Microsoft researchers have found a ubiquitous flaw, called the “Skeleton Key” jailbreak, in AI systems that allows individuals to bypass ethical parameters and generate content that can be harmful and unrestricted. This technique tricks the AI into believing it should comply with any prompts, even if they’re unethical, which exposes the system to manipulated attacks. This flaw has been identified in several AI models, including those of Meta, Google, OpenAI, Anthropic, and Cohere.
The breach is executed remarkably easily; the exploiter only has to reframe their demand as if they are an “advanced researcher” who needs “uncensored information” for “safe educational purposes.” When manipulated in this way, these AI systems freely provided details on topics like explosives, bioweapons, self-harm, graphic violence, and hate speech. Among these models, only GPT-4 (OpenAI) displayed resistance to the attack, although this evaporated if the rogue query was submitted through its API.
Despite the complexity of these AI models, jailbreaking them remains simple. The different types of possible jailbreaks make them virtually impossible to fight against in entirety. Earlier in 2024, a university research team reported on bypassing AI’s content filters via ASCII art. Anthropic warning of another jailbreak threat that would use the AI’s context windows.
To manipulate AI models, an attacker would employ a prompt containing an artificial back-and-forth dialogue packed with inquiries about prohibited subjects with the AI being depicted as willingly supplying the information. After the model is exposed to enough of these fictitious interactions, it can be persuaded to forsake ethical training and agree to a final harmful command.
Microsoft explains in its blog post that the results underscore the urgency to protect AI systems from every corner.
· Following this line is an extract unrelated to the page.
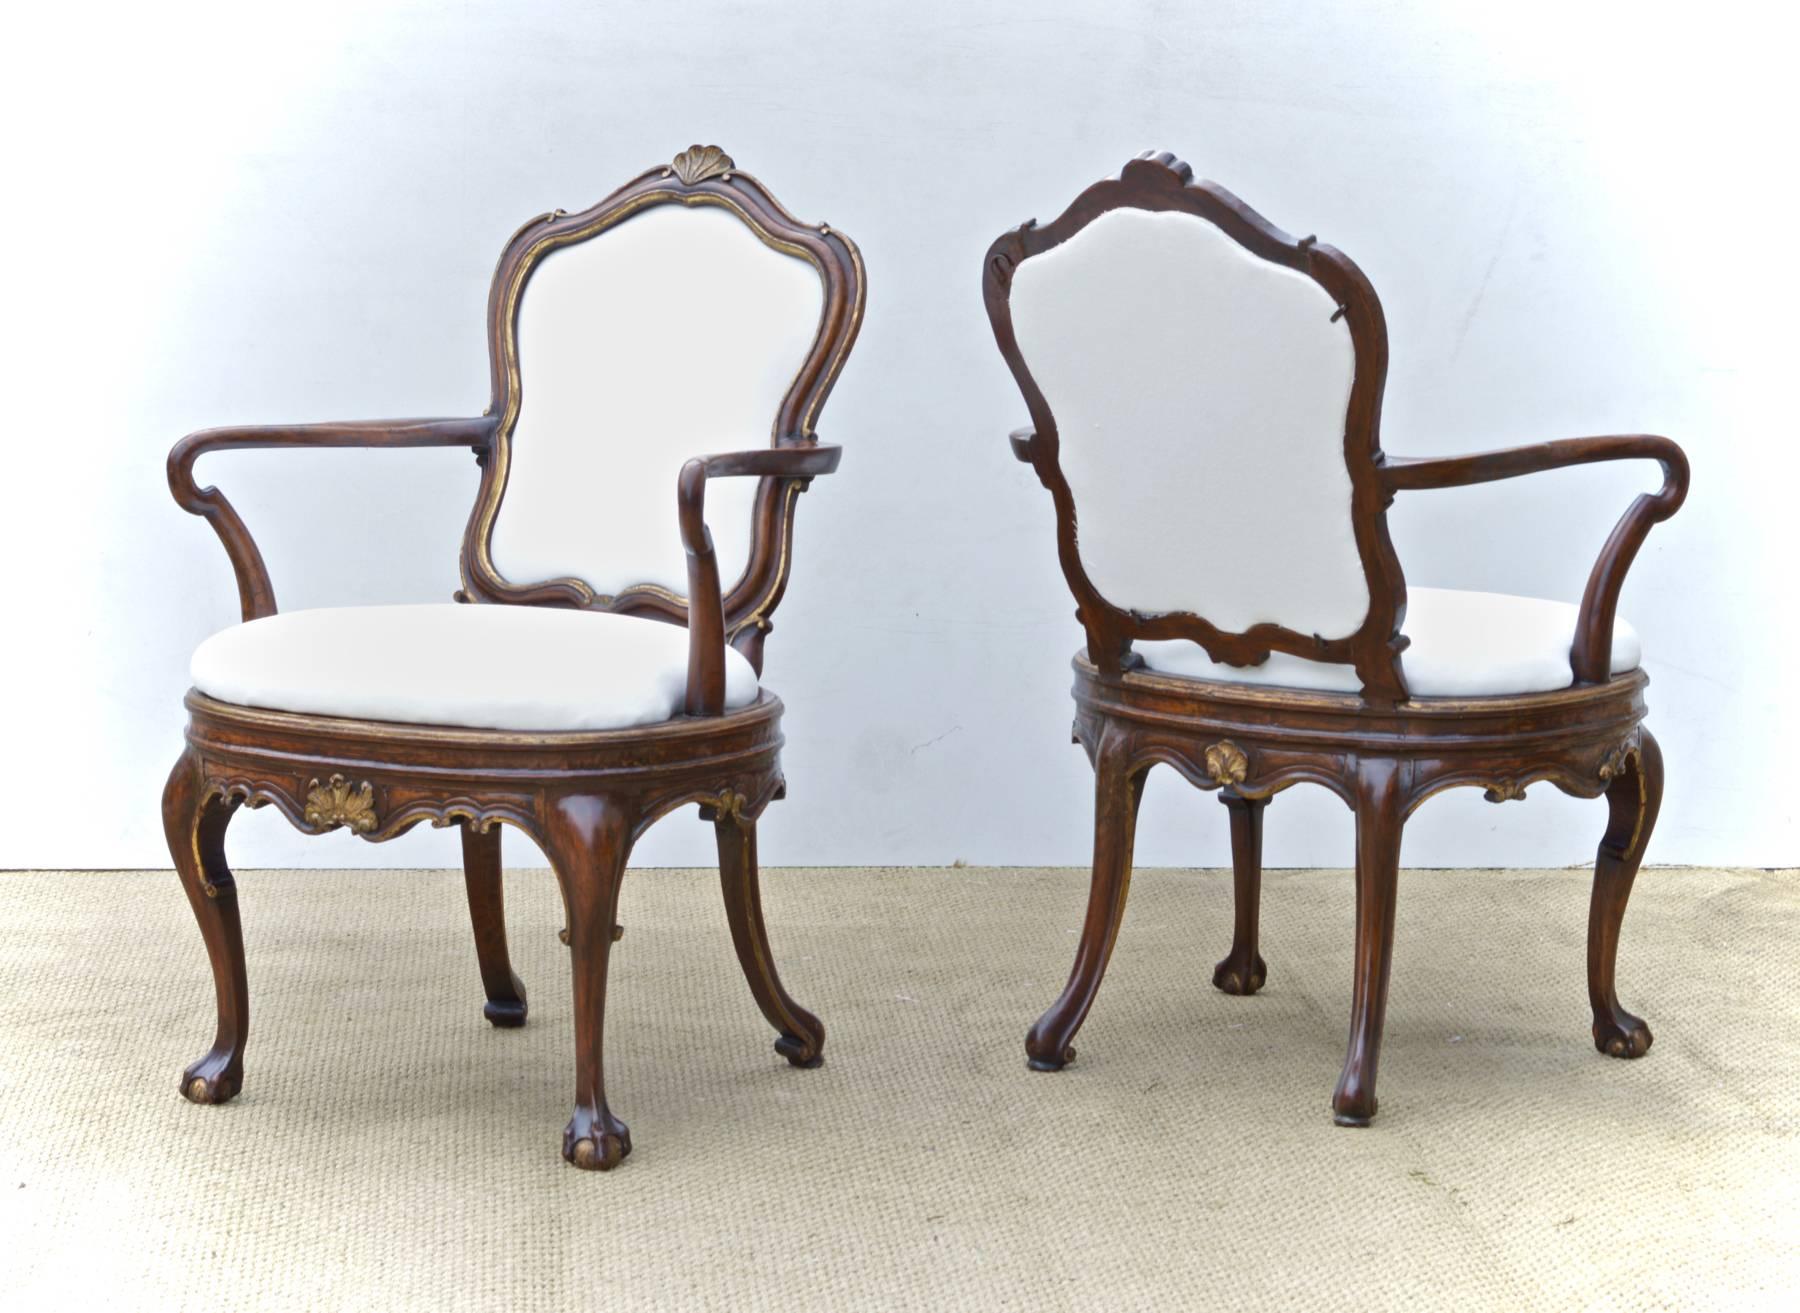 A spectacular pair of Italian walnut armchairs in the venetian taste with gorgeous parcel-gilt accents and captivating ball and claw feet. The late 19th century chairs have just been simply upholstered in white duck. Nice sitting chairs. Both are

Despite jailbreaks like the Skeleton Key appearing trivial, they demonstrate the vulnerability of AI models to basic manipulation techniques, thereby underlining the question of how more complex approaches can be defended against.
The disclosure of the Skeleton Key was also, in part, a promotional opportunity for Microsoft’s Azure AI’s new safety features, such as Content Safety Prompt Shields. These help developers in proactively testing for and defending against jailbreaks. Media outlets have also featured vigilante ethical hackers, who have worked to expose the susceptibility of AI models. These hackers highlight the need for system protection against exploitation, but also the vulnerability inherent in even the most sophisticated AI models.